Other notable developments are::

  • Hospitals’ financial health improved considerably over the past two years, although urban safety net hospitals remain financially fragile.

  • Health plans are challenged to control rising utilization, but they also are moving back toward fee-for-service payment arrangements for primary care physicians, which threatens to weaken provider financial incentives to control service use.

  • Unprecedented demand has halted growth in public insurance coverage, and a $5 billion state budget deficit may prompt rollbacks.


Hospitals’ Financial Health Shows Dramatic Improvement

fter several years of red ink, efforts by New Jersey hospitals to bolster their bottom lines have paid off. The New Jersey Hospital Association reports combined earnings of $320 million for 2000 and 2001 for all hospitals in the state, a sharp contrast to the collective loss of $429 million reported for 1998 and 1999. Hospitals in northern New Jersey report similar financial improvement. The market’s two largest hospital systems—predominantly suburban St. Barnabas Health System (nine hospitals) and Atlantic Health System (four hospitals)—each incurred losses in 1998 and 1999, but reported profits in 2000 and 2001.

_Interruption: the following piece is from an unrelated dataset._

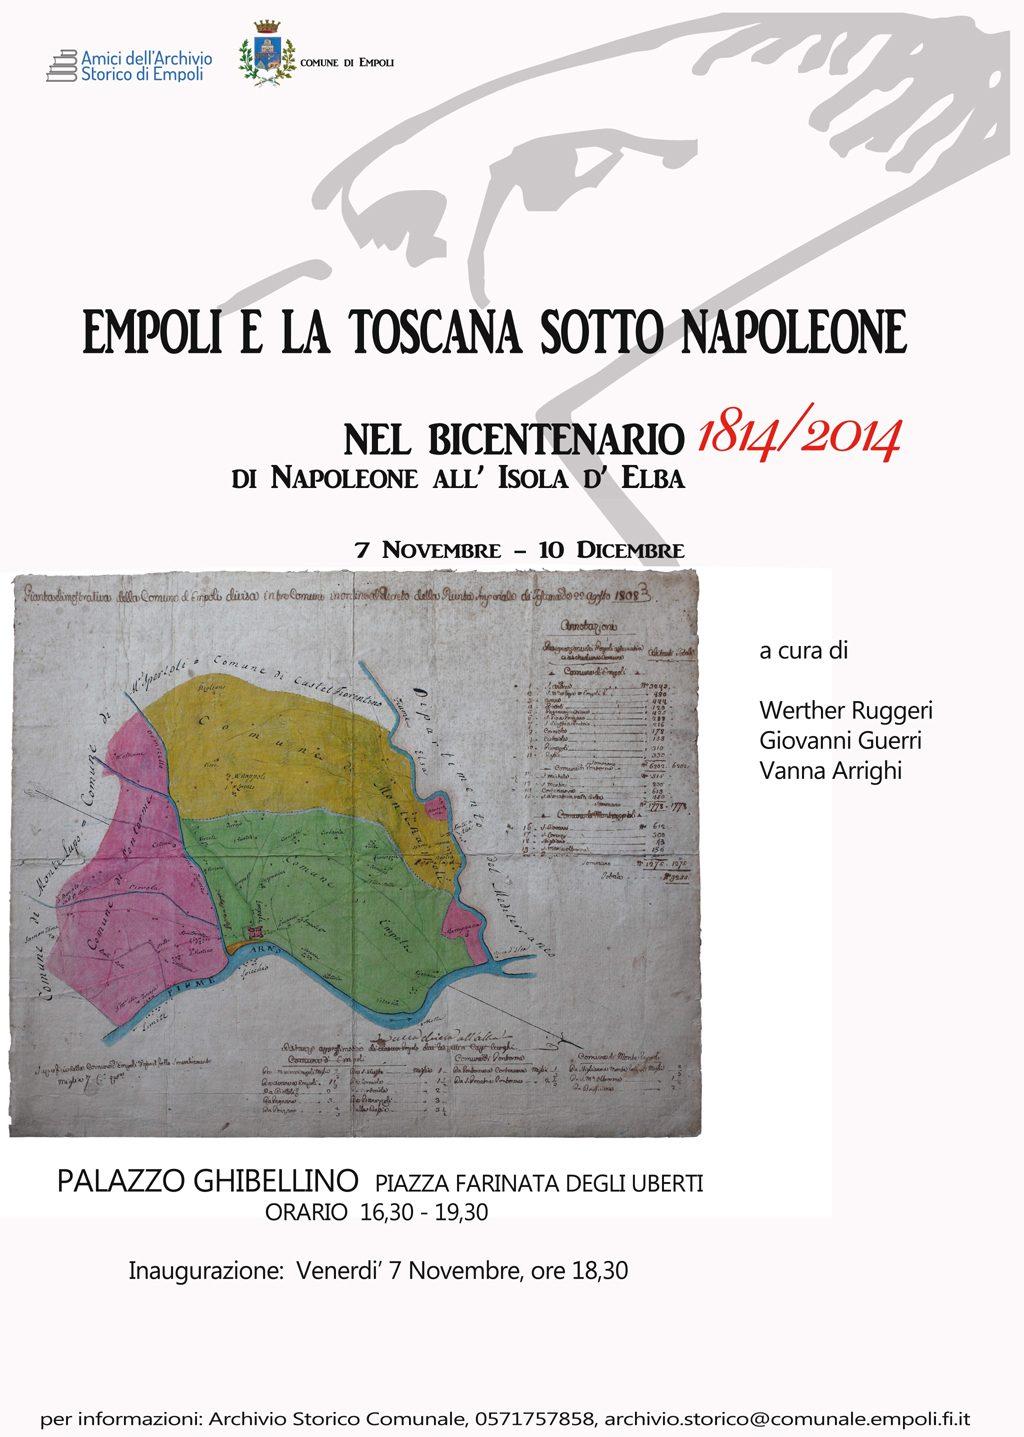 Empoli E La Toscana Sotto Napoleone

While the financial health of urban safety net hospitals also improved, it continues to be comparatively more fragile than that of suburban hospitals. Two large urban safety net hospitals in Newark, state-owned University Hospital and Cathedral Health System, report improved financial performance. University Hospital, for example, reports moving from operating losses in 2000 to profitability in 2001 and 2002, aided in part by increased state funding for charity care services and more patients with Medicaid reimbursement. Cathedral Health System also reports improved financial performance. There are concerns, however, that the state’s budget crisis may lead to cuts that would jeopardize these gains, particularly as the recent economic downturn threatens to increase demand for safety net services.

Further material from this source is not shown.